The Tobacco companies' final contention is that paying outside counsel on a contingent fee basis will violate the Utah Public Officers' and Employees' Ethics Act, public policy, and the state constitution. Pursuant to statute, persons hired as outside counsel are public employees for the purposes of this lawsuit. See Utah Code Annotated, Section 67-16-3(12). [ "'Public employee' means a person who is not a public officer who is employed on a full-time, part-time, or contract basis by the state or any of its political subdivisions." U.C.A. § 67-16-3(12).]

The plaintiffs contend that this designation as a public employee results in a violation of Section 67-16-5 if the outside counsel is paid on a contingent fee basis. Section 67-16-5(1)(a) states that "(1) No public officer or employee shall knowingly receive, accept, take, seek, or solicit, directly or indirectly, any gift, compensation, or loan for himself or another if: (a) it tends to influence him in the discharge of his official duties." The plaintiffs contend that the potentially large payment would influence the contingent counsel in the discharge of their duties and give the appearance of impropriety.

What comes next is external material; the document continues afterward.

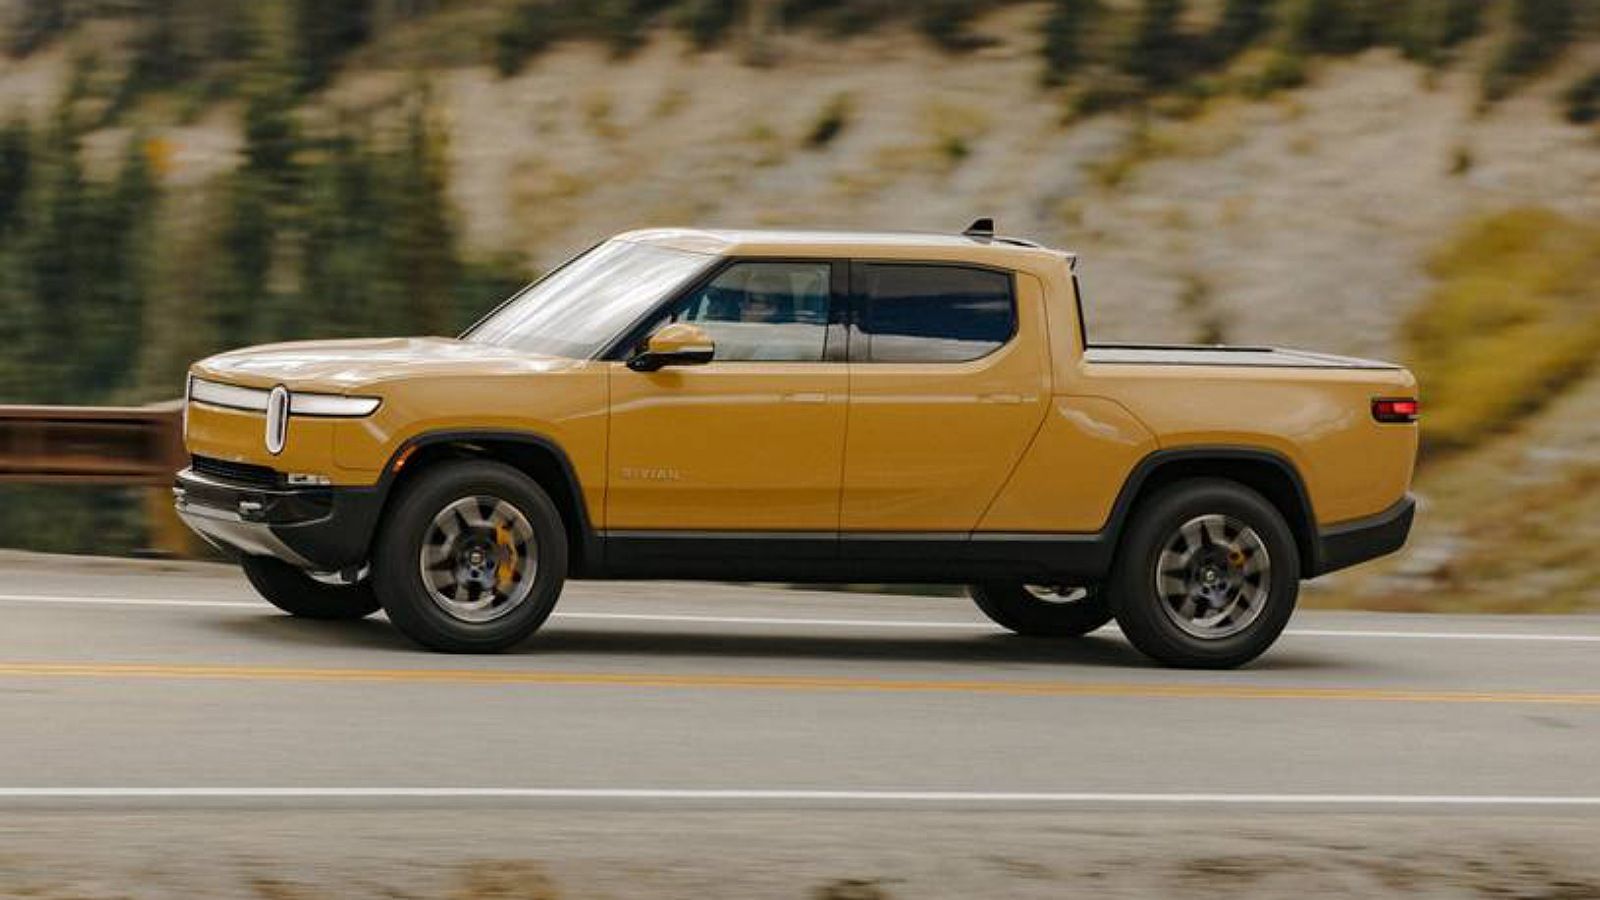 Why is the Rivian R1T a game changer?

It is the opinion of this court that Section 67-16-5(1)(a) seeks to prevent only influences that are improper. Payment of wages or salary are intended to "influence" the proper performance of duties. Payment of bonuses, merit increases and special recognition awards are also designed to "influence" state employees toward even better performance of their duties. Section 67-16-5(1) is, instead, intended to prevent interests that may conflict with duties owed by the employees to their employer, the State. This is not dissimilar to the conflict of interest rules governing the proper professional conduct of attorneys. As an added safeguard, the State has maintained that they will retain the final decision-making authority in the underlying case. The plaintiffs have failed to sufficiently demonstrate an improper influence upon the contingent fee counsel resulting from the contingent fee arrangement.

IV.

CONCLUSION

The Court finds:

1. Plaintiffs do not have standing to bring this action for declaratory and injunctive relief.

2. The requisite elements for declaratory relief are absent.

3. The Court ought to exercise its discretion and refuse to grant the relief requested.

4. If declaratory judgment were properly available, the plaintiffs have failed to prevail on the merits of their request.

Therefore, the Petitioner's request for Summary Judgment in Counts I, II and II is denied. Defendant's Motion to Dismiss is granted as to Counts I, II, and III.